This is a manual exercise for now .. 

* `Australian English`
* `General Australian`
* `lived with my grandfather for a time who has a mix between the australian and an english accent`
* `Hybrid Indian/Australian/American`
* `but spent a lot of time in australia and the US`
* `Hybrid United States and Australian`
* `South Australia`
* `Educated Australian Accent`
* `Sydney - middle eastern seaboard Australian`
* `Queenslandish`

For now we will only select rows with: 

* `Australian English`
* `General Australian`
* `South Australia`
* `Educated Australian Accent`
* `Sydney - middle eastern seaboard Australian`
* `Queenslandish`

to make it as "General Australian" as possible 

## Filter the dataframe by the Australian accents 

In [25]:
accents_to_match = ['Australian English', 'General Australian', 'South Australia', 'Sydney', 'Queensland']

In [26]:
# Using regex with the '|' (OR) operator
# the str.contains will match 'Queensland' on 'Queenslandish' or 'spent time in Sydney' with 'Sydney'
filtered_df = df[df['accents'].str.contains('|'.join(accents_to_match), na=False)]

In [27]:
len(filtered_df)
# 55757 rows in v23 English 
# 55673 rows in v24 English -> not sure why the reduction, it could be that people have had their data deleted

55673

## Identify how many unique contributors there are 

We do this so for example, it's not one speaker who has contributed 55k samples

In [28]:
len(filtered_df['client_id'].unique())
# 834 in v23 English 
# 842 in v24 English

842

In [29]:
#filtered_df['client_id'].value_counts()
# this shows that there are about ten key contributors who have thousands of samples
# but not one who has say 20k samples
# so this should be OK for fine-tuning. 

# This does have implications for how much data ends up into train and test 
#    as we don't want to train on the same speakers we're testing on
#    - this is called "data leakage" - or "learning to the test"
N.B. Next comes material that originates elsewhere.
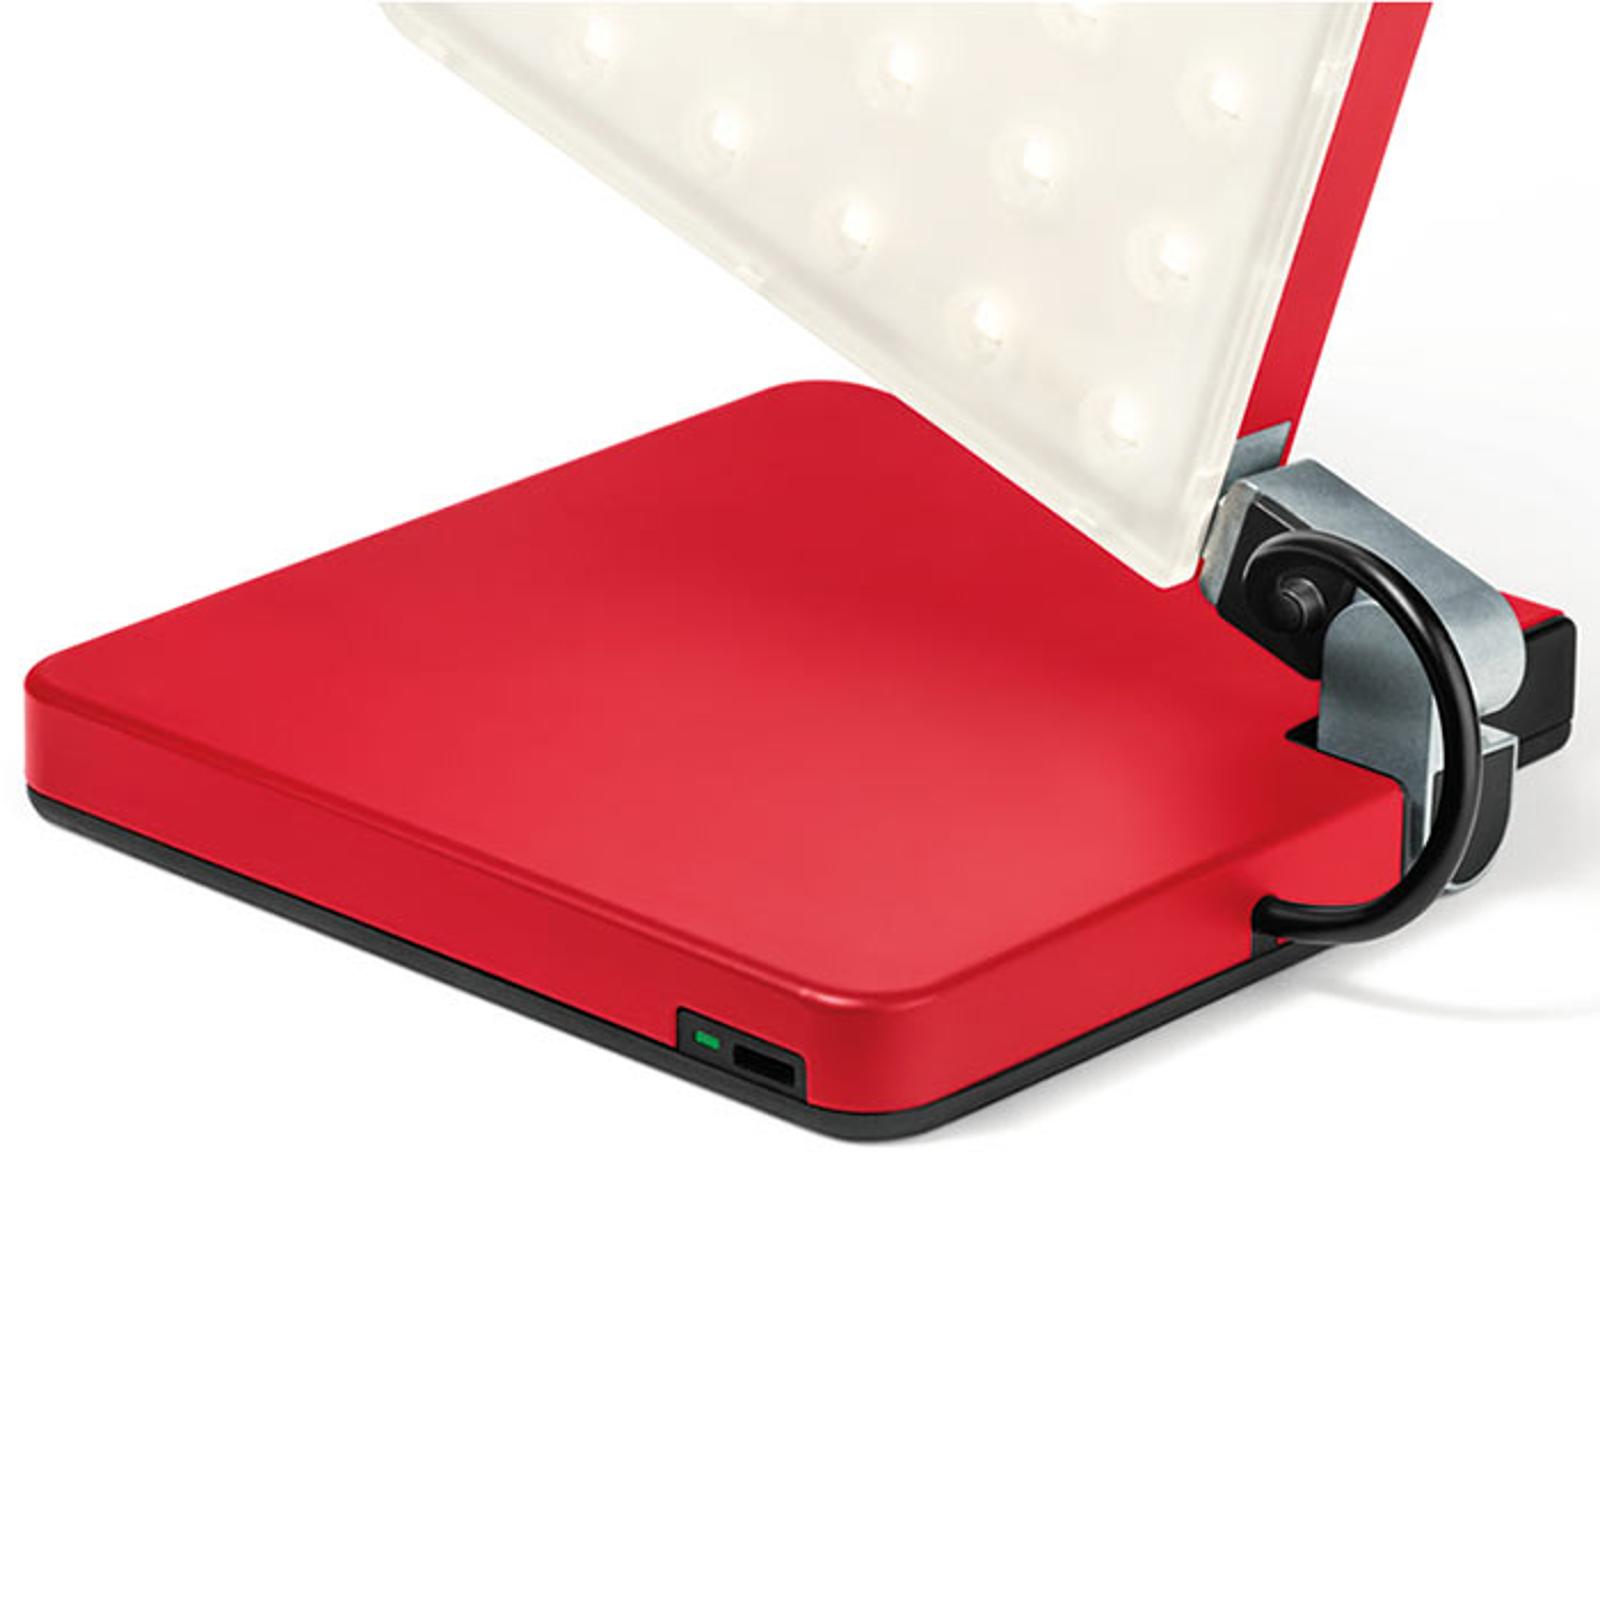 Nimbus Roxxane Fly LED tafellamp, rood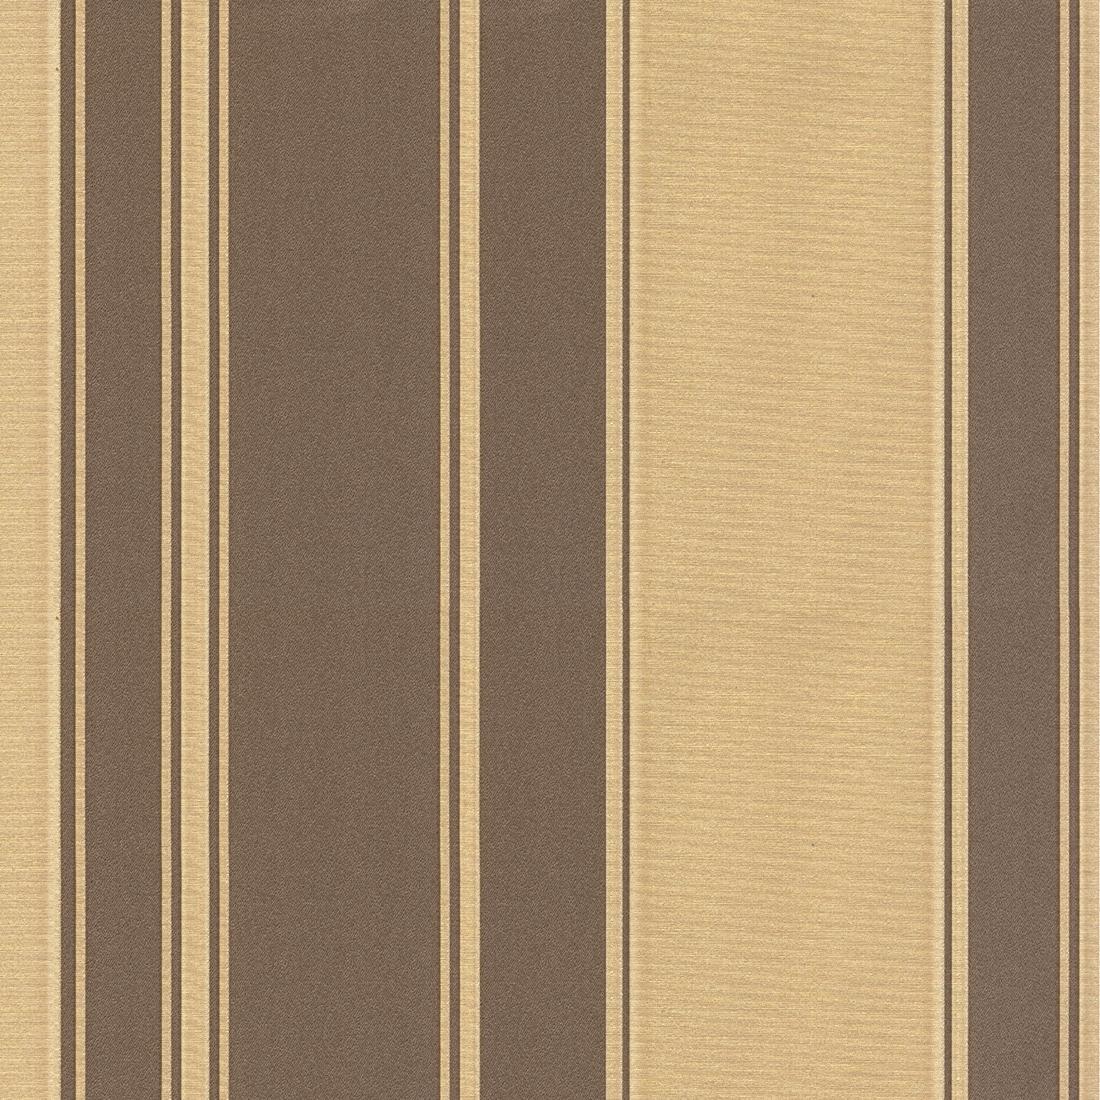 Regency Stripe Brown Gold Wallpaper from Seriano by Belgravia Decor 1100x1100

## Add a `duration_ms` column and calculate audio duration

In [30]:
filtered_df['duration_ms'] = None

A value is trying to be set on a copy of a slice from a DataFrame.
Try using .loc[row_indexer,col_indexer] = value instead

See the caveats in the documentation: https://pandas.pydata.org/pandas-docs/stable/user_guide/indexing.html#returning-a-view-versus-a-copy
  filtered_df['duration_ms'] = None


In [31]:
# check the extra column has been added
filtered_df.columns

Index(['client_id', 'path', 'sentence_id', 'sentence', 'sentence_domain',
       'up_votes', 'down_votes', 'age', 'gender', 'accents', 'variant',
       'locale', 'segment', 'duration_ms'],
      dtype='object')

In [32]:
filtered_df_copy = filtered_df.copy(deep=True)

In [33]:
audio_path = r"/media/kathyreid/Elements/cv-datasets/cv-corpus-24.0-2025-12-05/en/clips/"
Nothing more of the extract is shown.